### Exercise
Take the material below and reproduce, word for word, only the lines from the line with "c_iscii.dll 文件丢失？。 适用于" through the line with "Toyoda - Toyota Vanity License Plate".

### Data to process

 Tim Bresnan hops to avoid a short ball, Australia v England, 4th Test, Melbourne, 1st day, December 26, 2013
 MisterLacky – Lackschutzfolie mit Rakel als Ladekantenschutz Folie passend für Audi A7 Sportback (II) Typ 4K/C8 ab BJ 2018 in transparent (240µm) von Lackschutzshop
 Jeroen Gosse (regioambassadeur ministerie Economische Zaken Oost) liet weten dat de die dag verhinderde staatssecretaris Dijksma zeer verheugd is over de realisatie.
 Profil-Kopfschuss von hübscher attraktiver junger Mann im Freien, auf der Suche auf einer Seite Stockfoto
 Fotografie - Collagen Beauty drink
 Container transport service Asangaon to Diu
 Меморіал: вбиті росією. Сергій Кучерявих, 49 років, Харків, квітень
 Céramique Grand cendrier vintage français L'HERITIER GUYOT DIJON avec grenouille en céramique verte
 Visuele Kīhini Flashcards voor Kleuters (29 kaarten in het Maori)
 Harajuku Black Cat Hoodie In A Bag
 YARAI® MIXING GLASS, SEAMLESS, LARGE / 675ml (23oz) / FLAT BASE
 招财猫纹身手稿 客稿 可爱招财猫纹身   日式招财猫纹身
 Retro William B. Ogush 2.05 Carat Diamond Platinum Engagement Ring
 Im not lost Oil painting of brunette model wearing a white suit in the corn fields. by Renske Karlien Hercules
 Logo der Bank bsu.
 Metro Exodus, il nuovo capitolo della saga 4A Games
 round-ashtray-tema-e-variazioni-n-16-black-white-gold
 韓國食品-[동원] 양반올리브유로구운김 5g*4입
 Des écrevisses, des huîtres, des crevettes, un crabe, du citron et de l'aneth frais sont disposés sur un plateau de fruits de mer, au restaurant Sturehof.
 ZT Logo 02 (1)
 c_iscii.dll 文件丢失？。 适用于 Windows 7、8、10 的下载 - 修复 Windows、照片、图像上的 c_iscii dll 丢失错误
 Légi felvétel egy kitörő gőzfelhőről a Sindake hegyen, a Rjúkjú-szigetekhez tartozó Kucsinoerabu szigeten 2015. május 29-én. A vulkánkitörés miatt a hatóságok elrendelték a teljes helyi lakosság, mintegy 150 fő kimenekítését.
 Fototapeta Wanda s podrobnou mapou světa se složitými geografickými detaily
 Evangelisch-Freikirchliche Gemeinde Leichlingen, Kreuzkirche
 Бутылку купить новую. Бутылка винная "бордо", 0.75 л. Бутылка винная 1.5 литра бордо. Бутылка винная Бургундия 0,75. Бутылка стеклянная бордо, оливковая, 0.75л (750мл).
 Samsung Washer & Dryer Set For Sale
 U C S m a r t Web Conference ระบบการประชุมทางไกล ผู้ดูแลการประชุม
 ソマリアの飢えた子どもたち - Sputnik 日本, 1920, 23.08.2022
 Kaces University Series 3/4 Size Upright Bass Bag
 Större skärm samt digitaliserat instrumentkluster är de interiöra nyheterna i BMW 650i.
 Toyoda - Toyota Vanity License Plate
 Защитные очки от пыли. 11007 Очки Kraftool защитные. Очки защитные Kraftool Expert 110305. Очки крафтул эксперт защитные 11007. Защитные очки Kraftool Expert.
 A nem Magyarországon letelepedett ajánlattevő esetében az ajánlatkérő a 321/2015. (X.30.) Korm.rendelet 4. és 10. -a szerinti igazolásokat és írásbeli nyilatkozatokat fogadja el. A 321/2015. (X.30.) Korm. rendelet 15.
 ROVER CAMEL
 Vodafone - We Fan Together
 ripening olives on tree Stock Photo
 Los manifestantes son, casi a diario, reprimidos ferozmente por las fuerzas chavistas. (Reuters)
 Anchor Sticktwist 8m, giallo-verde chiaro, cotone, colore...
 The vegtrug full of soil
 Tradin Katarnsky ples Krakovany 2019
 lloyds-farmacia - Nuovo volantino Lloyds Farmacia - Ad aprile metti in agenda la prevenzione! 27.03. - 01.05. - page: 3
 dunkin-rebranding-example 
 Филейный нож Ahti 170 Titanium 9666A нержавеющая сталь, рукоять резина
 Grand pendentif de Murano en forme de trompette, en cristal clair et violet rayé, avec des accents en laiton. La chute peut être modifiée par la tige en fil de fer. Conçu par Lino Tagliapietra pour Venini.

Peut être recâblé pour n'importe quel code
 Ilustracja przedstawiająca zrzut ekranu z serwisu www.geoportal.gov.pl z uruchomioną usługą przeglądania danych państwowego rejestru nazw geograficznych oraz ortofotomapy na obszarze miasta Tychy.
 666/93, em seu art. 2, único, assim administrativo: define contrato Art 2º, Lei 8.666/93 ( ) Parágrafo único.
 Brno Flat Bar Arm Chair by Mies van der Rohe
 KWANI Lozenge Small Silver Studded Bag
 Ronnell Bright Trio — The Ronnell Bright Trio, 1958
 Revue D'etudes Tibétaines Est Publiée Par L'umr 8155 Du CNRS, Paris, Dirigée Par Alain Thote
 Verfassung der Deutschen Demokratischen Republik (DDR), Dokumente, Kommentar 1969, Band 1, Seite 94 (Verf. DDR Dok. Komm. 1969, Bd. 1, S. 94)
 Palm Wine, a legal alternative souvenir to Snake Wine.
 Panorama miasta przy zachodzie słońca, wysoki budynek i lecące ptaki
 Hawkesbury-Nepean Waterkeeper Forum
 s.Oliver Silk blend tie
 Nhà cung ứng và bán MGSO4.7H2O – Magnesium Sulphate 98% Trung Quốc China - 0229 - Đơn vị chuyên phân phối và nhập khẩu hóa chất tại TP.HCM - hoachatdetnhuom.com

### Exercise solution
 c_iscii.dll 文件丢失？。 适用于 Windows 7、8、10 的下载 - 修复 Windows、照片、图像上的 c_iscii dll 丢失错误
 Légi felvétel egy kitörő gőzfelhőről a Sindake hegyen, a Rjúkjú-szigetekhez tartozó Kucsinoerabu szigeten 2015. május 29-én. A vulkánkitörés miatt a hatóságok elrendelték a teljes helyi lakosság, mintegy 150 fő kimenekítését.
 Fototapeta Wanda s podrobnou mapou světa se složitými geografickými detaily
 Evangelisch-Freikirchliche Gemeinde Leichlingen, Kreuzkirche
 Бутылку купить новую. Бутылка винная "бордо", 0.75 л. Бутылка винная 1.5 литра бордо. Бутылка винная Бургундия 0,75. Бутылка стеклянная бордо, оливковая, 0.75л (750мл).
 Samsung Washer & Dryer Set For Sale
 U C S m a r t Web Conference ระบบการประชุมทางไกล ผู้ดูแลการประชุม
 ソマリアの飢えた子どもたち - Sputnik 日本, 1920, 23.08.2022
 Kaces University Series 3/4 Size Upright Bass Bag
 Större skärm samt digitaliserat instrumentkluster är de interiöra nyheterna i BMW 650i.
 Toyoda - Toyota Vanity License Plate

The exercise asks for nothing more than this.